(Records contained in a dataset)
·····
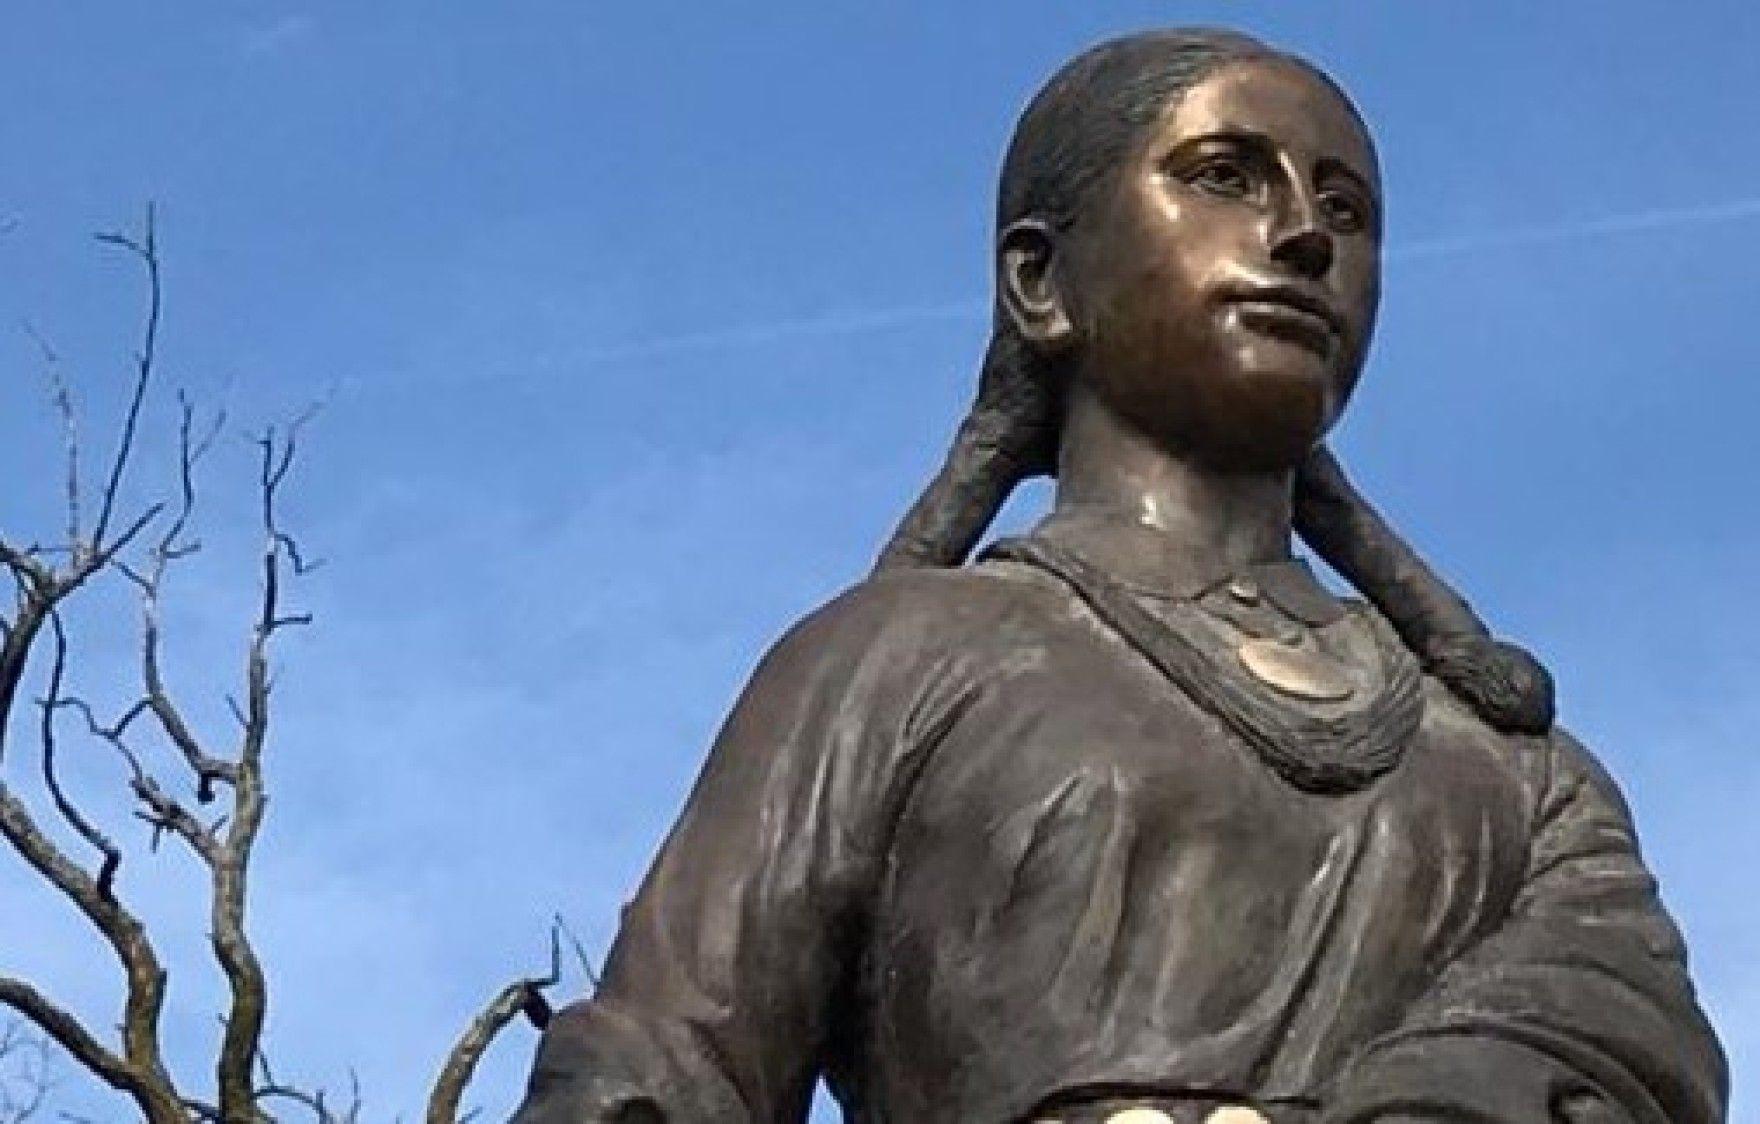 ناپدید شدن مجسمه برنزی 2متری در کانزاس سیتی
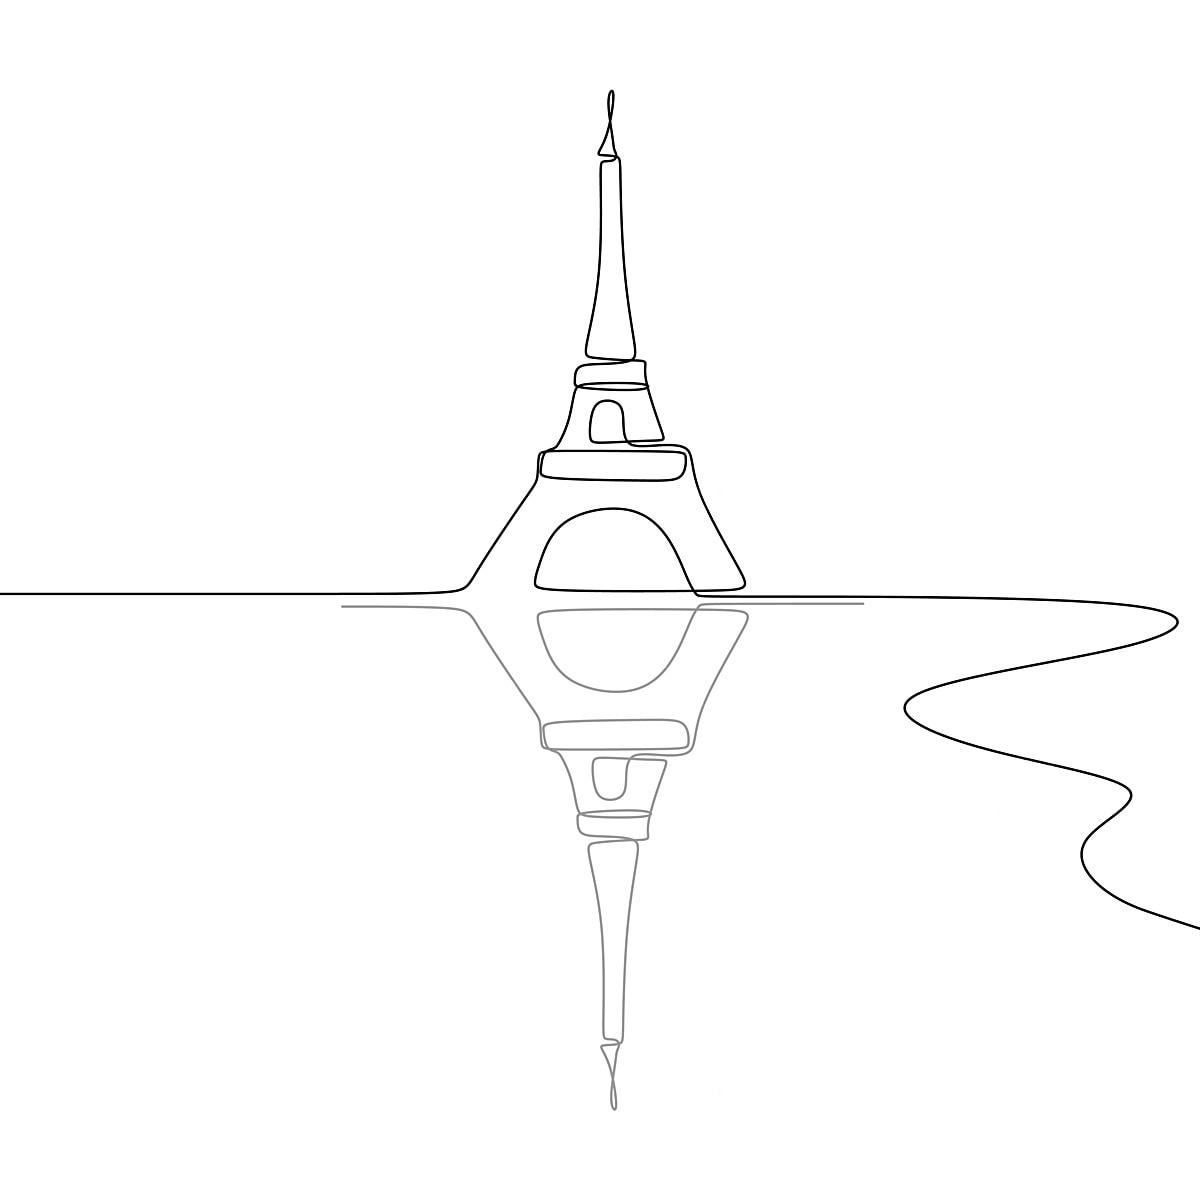 Gambar Menara Eiffel Hitam Dan Putih Tunggal Satu Garis Lukisan Vektor Ilustrasi Pembinaan Perancis Melukis Png Dan Vektor Untuk Muat Turun Percuma
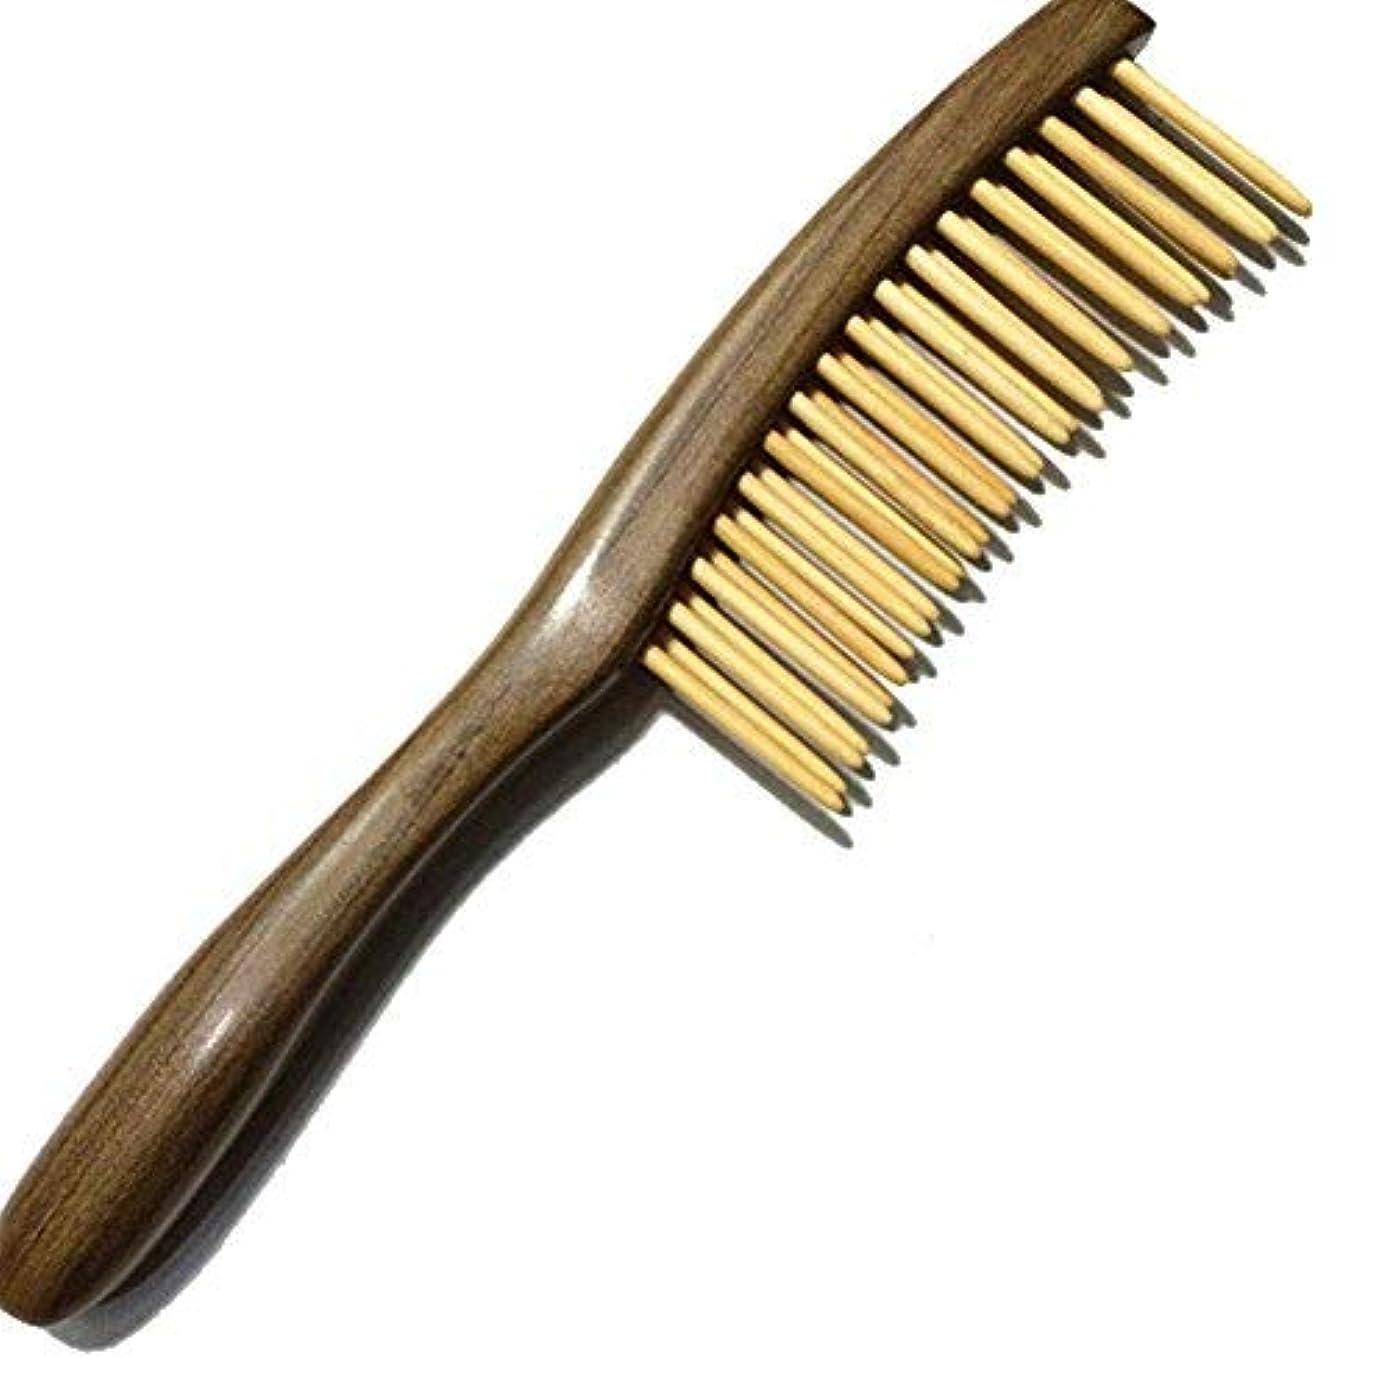 欠如半円個人的なFitlyiee Double Rows Teeth Sandalwood Hair Comb Anti-Static Handmade Wide Tooth Wooden Comb [並行輸入品]
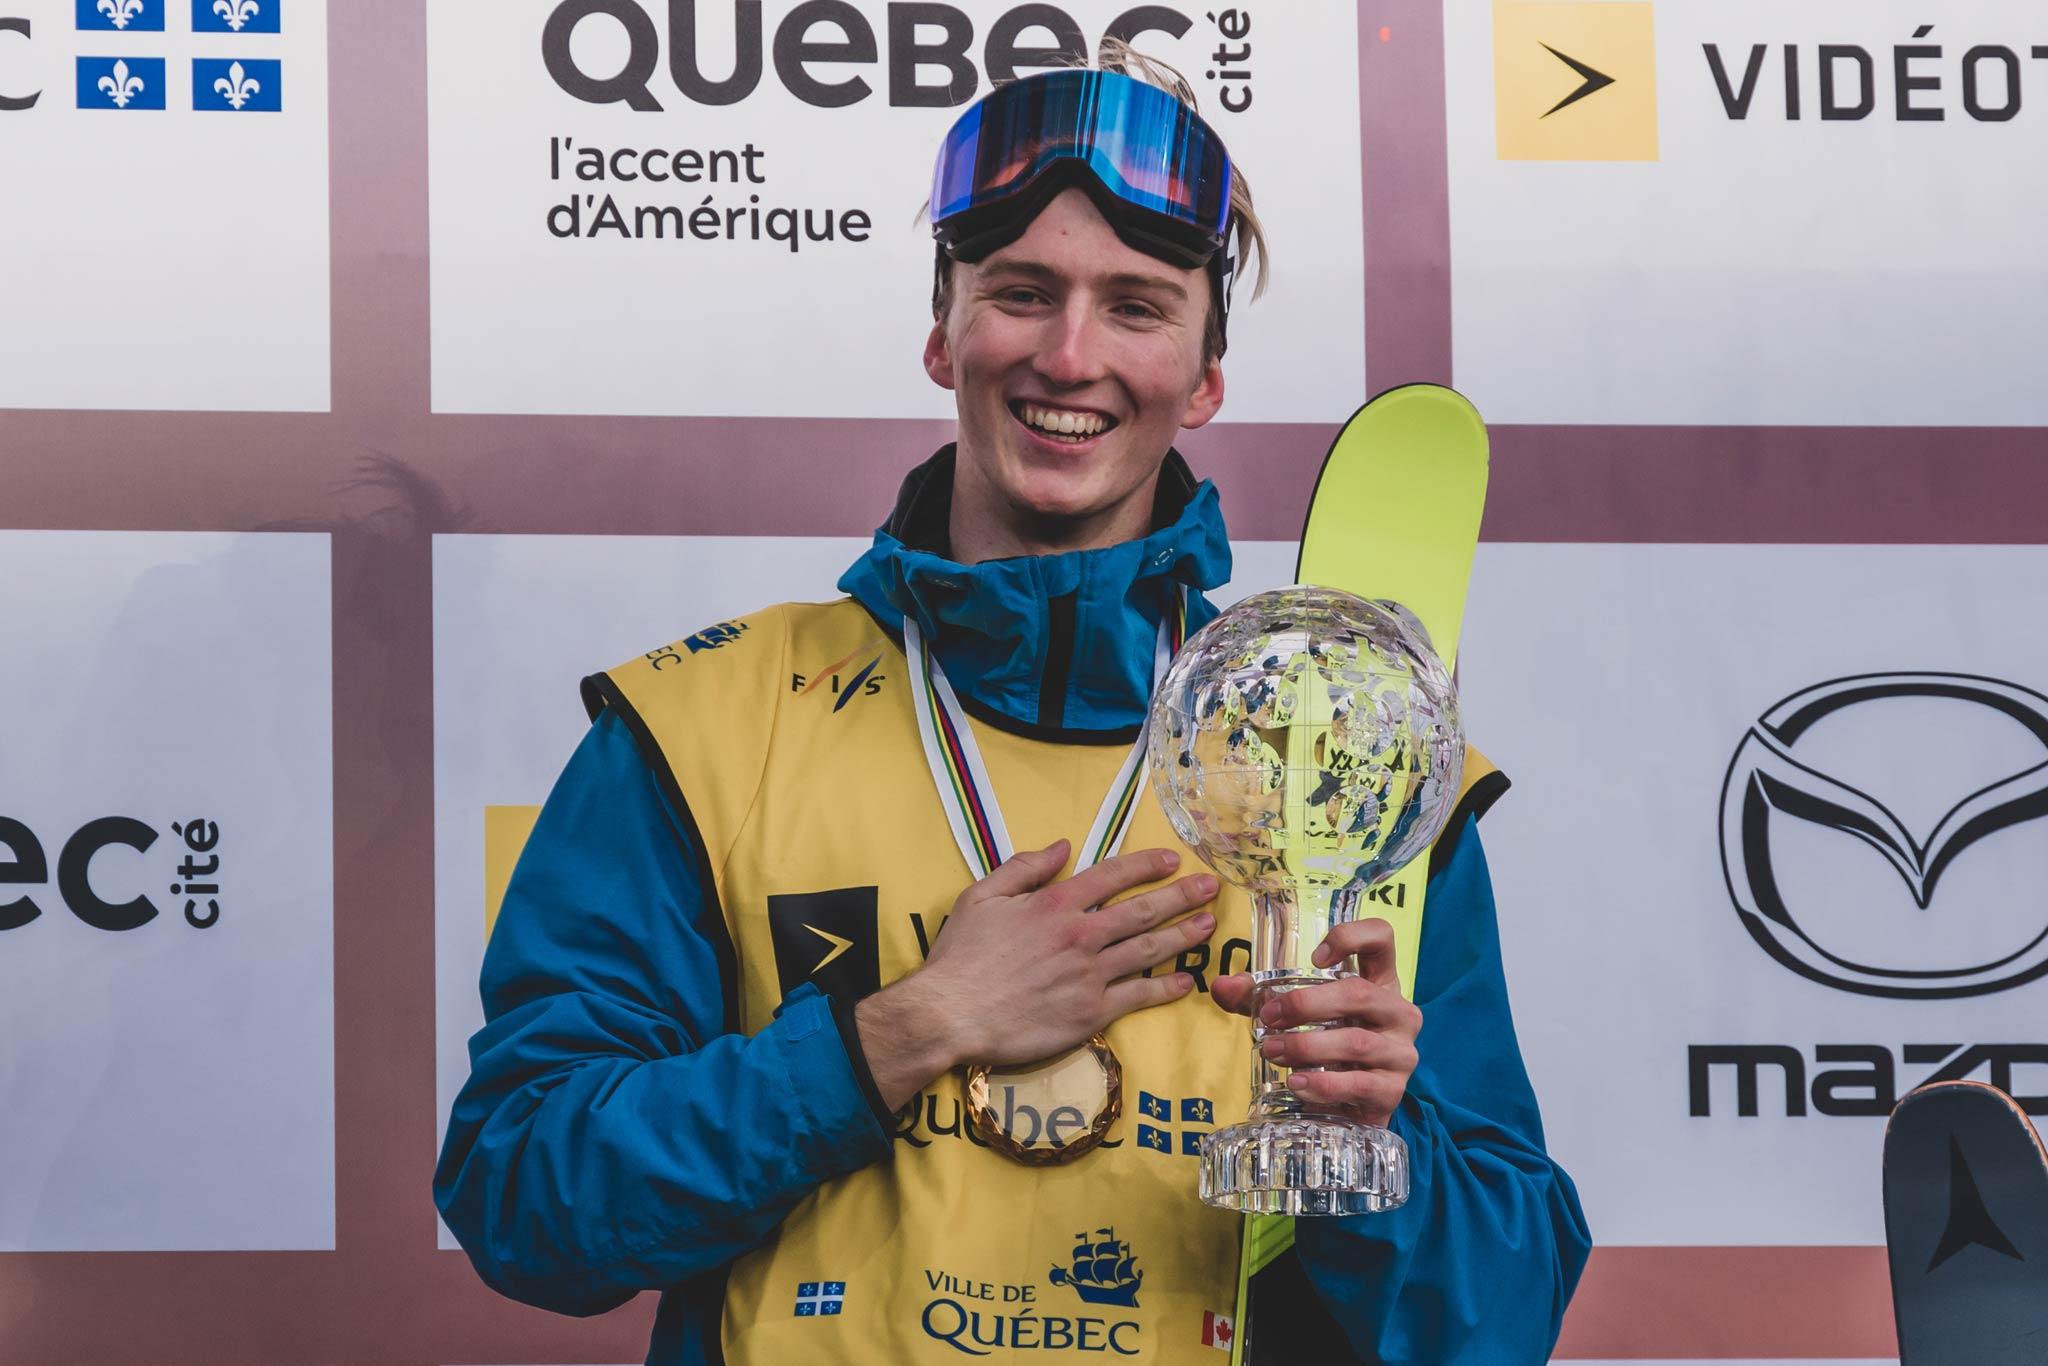 Der World Cup Gesamtsieger in der Disziplin Big Air bei den Männern in der Saison 18/19: Andri Ragettli (SUI) - Foto: FIS Freestyle
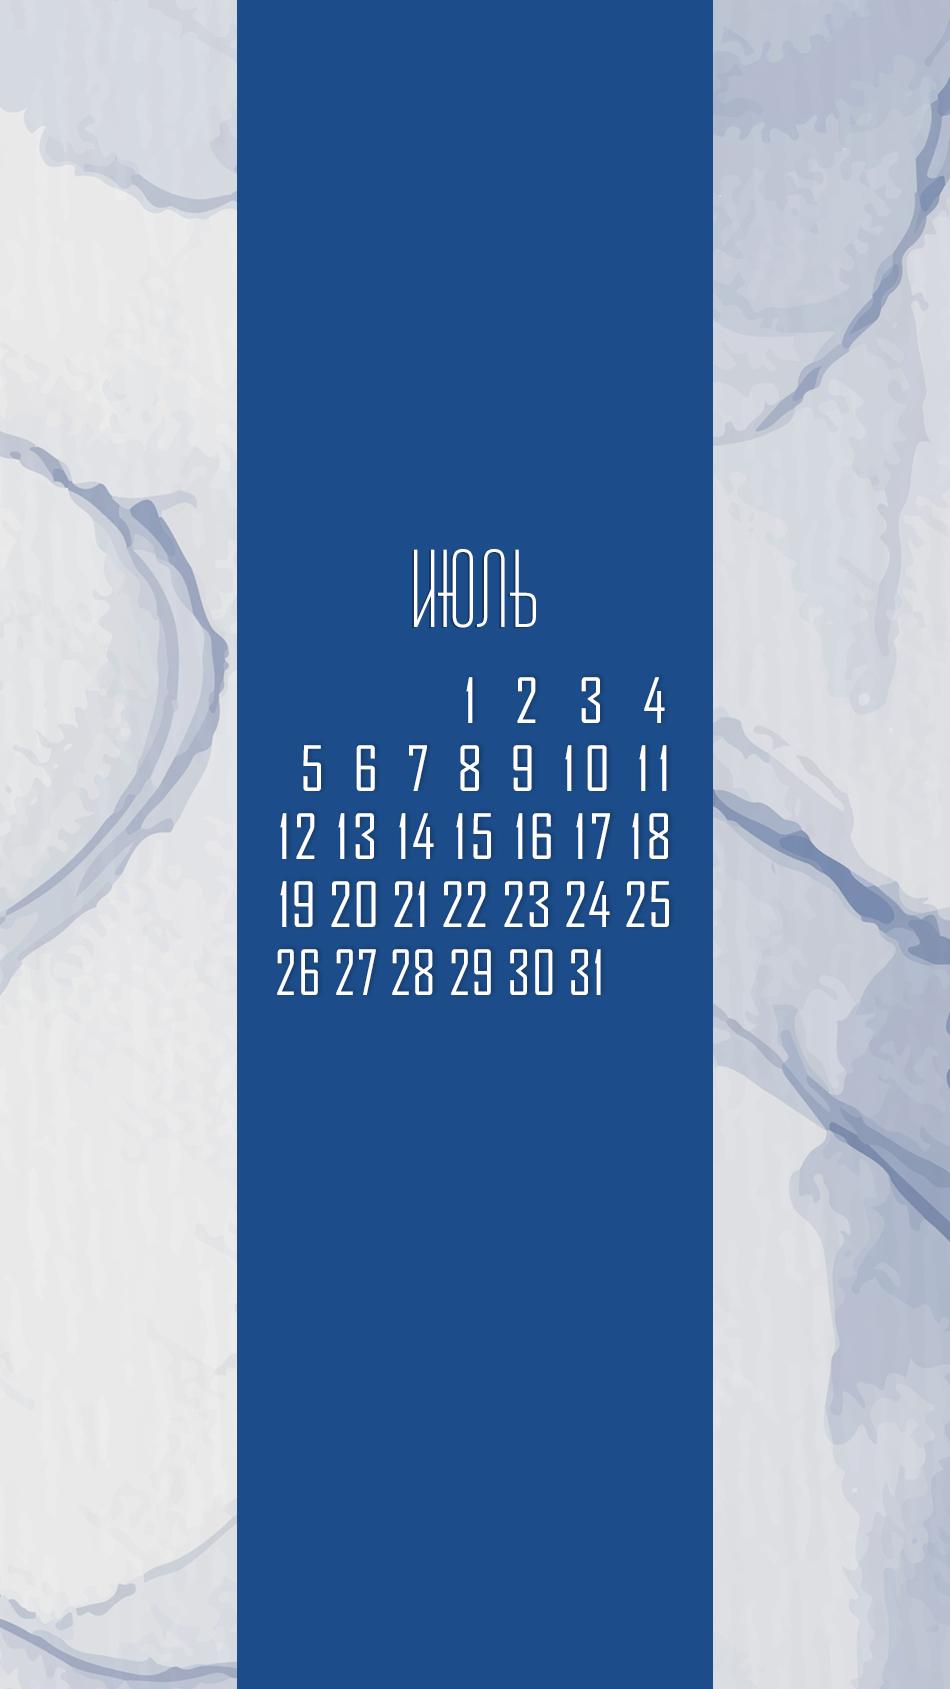 заставка на смартфон, district-f.org календарь на июль 7
·····
**Problem**
The answer must be the lines above, word for word, from the first one through the line with "欠如半円個人的なFitlyiee Double Rows", pictures excluded.

**Problem solution**
 ناپدید شدن مجسمه برنزی 2متری در کانزاس سیتی
 Gambar Menara Eiffel Hitam Dan Putih Tunggal Satu Garis Lukisan Vektor Ilustrasi Pembinaan Perancis Melukis Png Dan Vektor Untuk Muat Turun Percuma
 欠如半円個人的なFitlyiee Double Rows Teeth Sandalwood Hair Comb Anti-Static Handmade Wide Tooth Wooden Comb [並行輸入品]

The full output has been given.